While superficially the idea of a food that tastes great and has no impact on your weight is a great idea, it turns out that there is a word for things that you ingest which don't do anything for your body: poison. For example, I discovered a wonderful article recently: Why No One Should Eat Products That Contain Olestra.

Frameworks with zero "fat", that is, overhead imposed on your code, are probably not actually doing anything for you. It looks like they're "lighter-weight" than other frameworks, because they don't provide any of the "fat", that is, the cognitive overhead required to learn the framework, or as Guido puts it, "lavish quantities of kool-aid". By not providing a consistent view of the world from the framework's perspective, you end up having to do more of that work yourself. You have saved time learning someone else's vision of the world, but instead of actually saving time overall, you've had to construct your own island of functionality, totally isolated from other developers and integration opportunities. It may well be that you needed to do that work, because the requirements of your project are sufficiently bizarre and integration-heavy that you are really going to have to tie things together yourself anyway - that doesn't mean it's not more work.

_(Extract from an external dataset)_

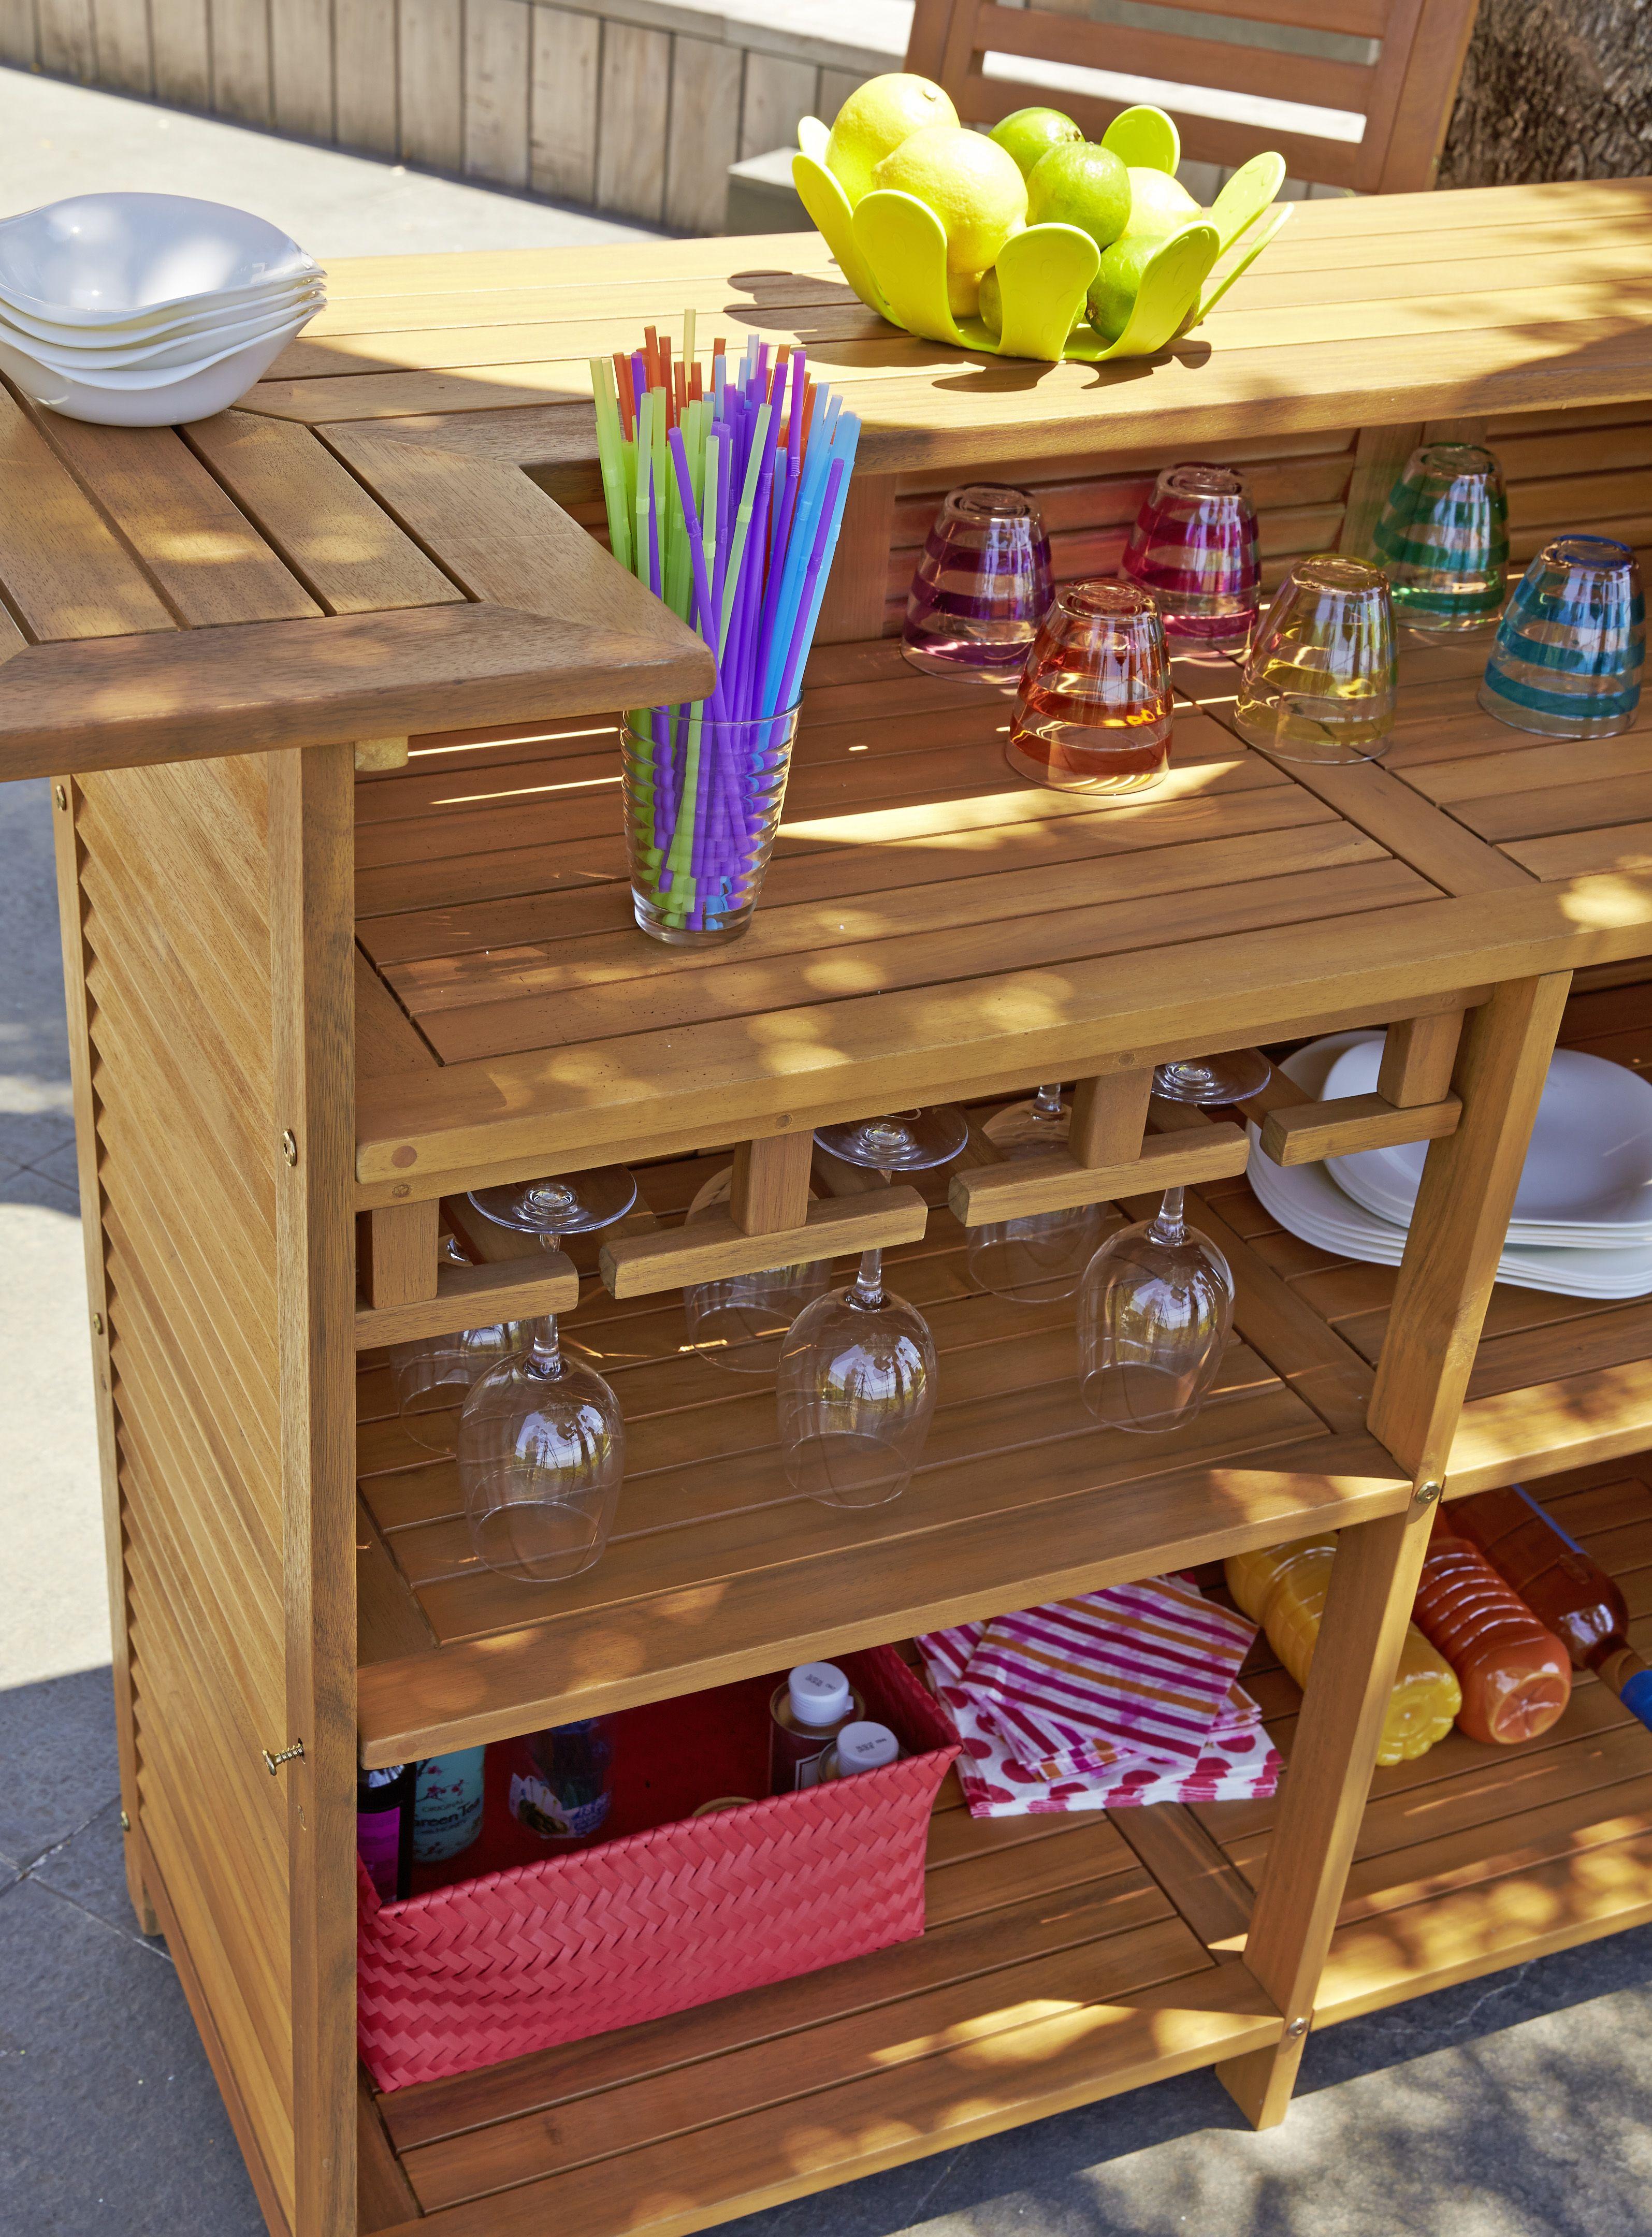 bar en acacia massif finition teint et huil dim 150x50x100 cm ambiances jardin. Black Bedroom Furniture Sets. Home Design Ideas

I'm not saying this as a defense of super-heavy-weight frameworks either. The opposite of Olestra is not a bucket of fried lard, it's a balanced diet, with plenty of low-calorie things like fresh leafy vegetables. J2EE is the Big Mac here; plenty of calories, but most of them empty. I think this metaphor could be extended well into absurdity, with the requirements of your project being its "metabolism", unit tests being "exercise"... but let me get back to the actual point here.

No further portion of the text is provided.